Ulaşılmasının öyle bizim gözümüzde büyüttüğümüz gibi deveyi hendekten atlatmak gibi bir şey olmadığını dile getiriyor konuğumuz. Formülü hem basit hem de ilham verici olabiliyor, diyor. Verdiği bu reçetenin, her reçetede olduğu gibi yan etkilerinin pek tabii olduğunu ve zihninde çokça yaşadığı medcezirlerden de bahsetmekten yoksunmuyor. Ama bu yan etkilerin onun müziğe duyduğu sevgi ve bu sevgiyi hem ağırlayan hem de el sallayan ilham perisiyle çok iyi anlaştığını belirtmeyi de ihmal etmiyor.

Sohbete o an masada bulunan eşyalarla oluşturduğu bir parçayla devam ederken şüphesiz benim gözüm diğer Frank’e takıldı. Benim çok iyi tahmin ettiğim lakin onun açıklama ihtiyacı hissettiği ikinci benine büründüğü Frank sadece bir maskeden ibaret bir şey değil. İlk anlamda onun deliliğini kamufle eden bir araç, başka bir çizgide ona ait olmayanı sahiplenmesi gereken başka biri, biraz daha yontacak olursak birbirini tamamlayan iki birey profili. Bu temelde oluşturduğumuz üç oluşu ayrı ayrı kabul görmektense hepsine dokunan bir yanı var konuğumuzun. Bilişsel olarak ruh, beden ve bu ikisi arasındaki yola rotasını veren id arasında kendisiyle izlediği kol kola bir rota bu.
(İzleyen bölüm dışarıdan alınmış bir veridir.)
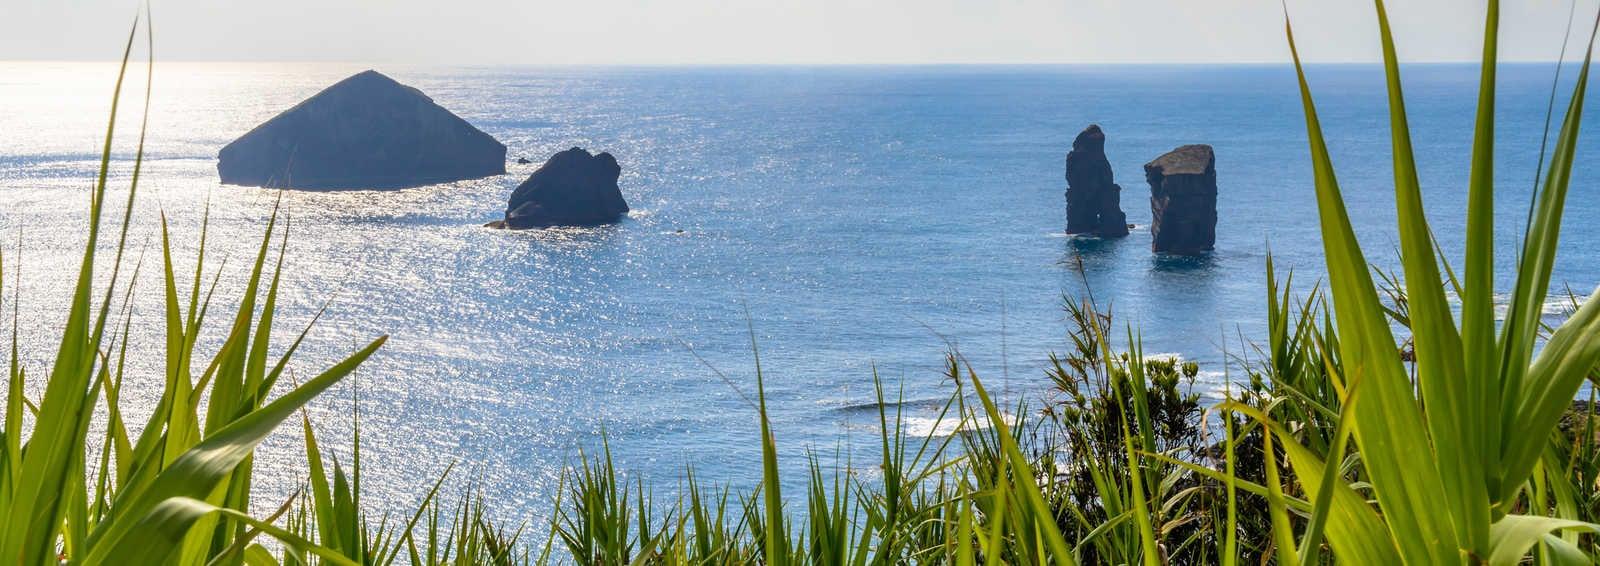 The coast of Sao Miguel, Azores

Müziğin ana maddesini bulduğuna itiraz etmediğimiz Frank aslında tinsel açıdan bu ana maddeyi bulamasa da ana maddeye kucak açan bir etkeni kendi yaratmıştı. Süreci, patikaları, çıkmazları ya da patlayacak olan konfetileri karşılayacak bir etken, bir o kadar içinde ama bir o kadar da dışında yeni bir Frank bu. Sakladığı bir şeyler olabildiği gibi biyolojik ana benliğin alt benlikte kalan benle savaşması ve çatışmasında galip gelen bir tarafta aslında. Duygularını, sevgisini ya da öfkesini ardına aldığı yeni Frank, içinde dolaştığı bu evren için ideal midir? Evet, idealdir. Her dokunuşun ve her anın kaydedilme ihtiyacı duyulduğu bir kıyamet öncesi arife de -çok klişe olmakla birlikte- bireyi bir noktada kendisine bağımlı hale getiren yeni medya ve bu medyayı kucaklayan teknolojinin ağır yapaylığında bu yeni suret hiç olmadığı kadar idealdir. Muntazam olan bu süresiz zaman anlayışında saklayabileceğimiz bir şeyi bırakarak veda etti Frank bize, muhtemel gerçekliği ise bizim ondan daha çok ihtiyacımız olacağına dair sezdiğimiz öngörüsü.